Relay-Version: version B 2.10 5/3/83; site utzoo.UUCP
Path: utzoo!mnetor!uunet!seismo!sundc!pitstop!sun!decwrl!pyramid!prls!mips!sjc
From: sjc@mips.UUCP (Steve "The" Correll)
Newsgroups: comp.arch
Subject: Re: MIPS Performance Brief, zillions of numbers, very long
Message-ID: <865@quacky.UUCP>
Date: Mon, 2-Nov-87 16:13:15 EST
Article-I.D.: quacky.865
Posted: Mon Nov  2 16:13:15 1987
Date-Received: Fri, 6-Nov-87 21:04:23 EST
References: <861@winchester.UUCP> <2993@phri.UUCP> <864@tut.cis.ohio-state.edu>
Lines: 54
Keywords: benchmarks

In article <864@tut.cis.ohio-state.edu>, manson@tut.cis.ohio-state.edu (Bob Manson) writes:
> Exactly what are these things supposed to mean?
> Well, they are compiled programs on different systems that are run and
> supposed to represent the speed of the various processors, MIPS etc. We
> all know that MIPS is mostly a meaningless figure...
> So why run benchmarks in compiled languages??? It's easier that way, you
> don't have to write individual programs for each machine that might actually
> show off their abilities and improved instructions. I'll admit that it does
> mean something for compiled language users but not really for performance
> comparisons-you're comparing apples and oranges, or really the efficiency
> of the compilers on the machines. 

The best benchmark for person x is clearly the program which accounts for most
of the cycles that person executes. But there are so many different "x"s!

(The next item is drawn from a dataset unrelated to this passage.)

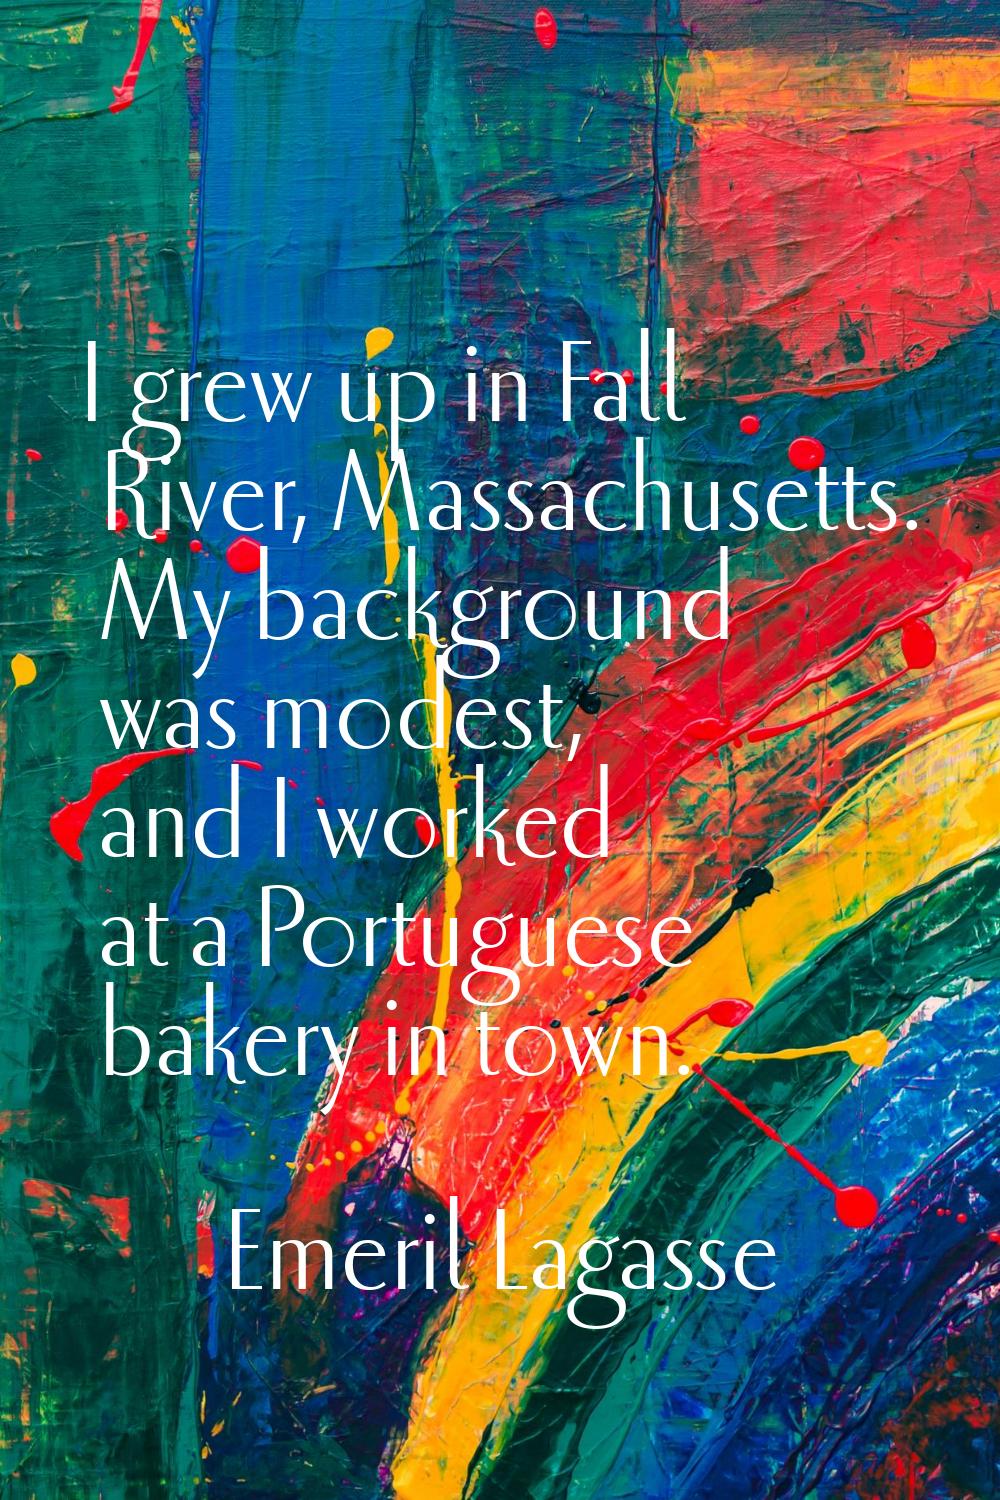 I grew up in Fall River, Massachusetts. My background was modest, and I worked at a Portuguese bake

We assume that grep, nroff, and Unix system calls are important to most
readers of comp.arch, so we study them.  A sizeable class of Fortran users
tells us that Linpack and the Livermore loops are representative of their
programs, so we study them. IC circuit designers tell us they execute most of
their cycles within Spice, so we pay a lot of attention to that.

If, on the other hand, you execute most of your cycles within hand-tuned
assembly language, and you are willing to revise your programs completely to
best use the instruction set of each new machine you acquire, and you are a
serious potential customer, the sales people at most computer vendors will be
happy to run your own specific benchmarks; ours do so all the time.

Tuned code is the right measurement for some people; compiled code is right
for others.

I view a computer as a system, so for me it makes poor sense to omit the effect
of compilers. And since one can argue forever about how well a hypothetical
compiler _might_ use a particular instruction set, I prefer to ask how well the
best existing compiler _does_ use it. While I'm all in favor of hand-coding
inner loops and library routines to improve performance, one can argue forever
about how easy and how profitable that is; so I think the best test of that
is to measure the effects of the tradeoffs that people made in constructing
an actual OS and compiler system, rather than a hypothetical one.

An article in IEEE Micro some time back which measured assembly-coded
algorithms on 68xxx and xx86 machines seemed pretty useless to me, more
like a contest between assembly coders than an indication of the useful
work I might get out of the machines when running Unix or any other OS.

Incidentally, as explained in the Performance Brief, our definition of "mips"
is _not_ the meaningless "millions of instructions per second"; it's "number
of times faster than a Vax 780 on this particular problem", where we
arbitrarily declare a Vax 780 to have a mips rating of 1. We would be better
off using "Vax780s" rather than "mips" as our unit of measure, except that
we'd have to put so many "TM"s in the document that you wouldn't be able to
find the numbers. :-)

-- 
...decwrl!mips!sjc						Steve Correll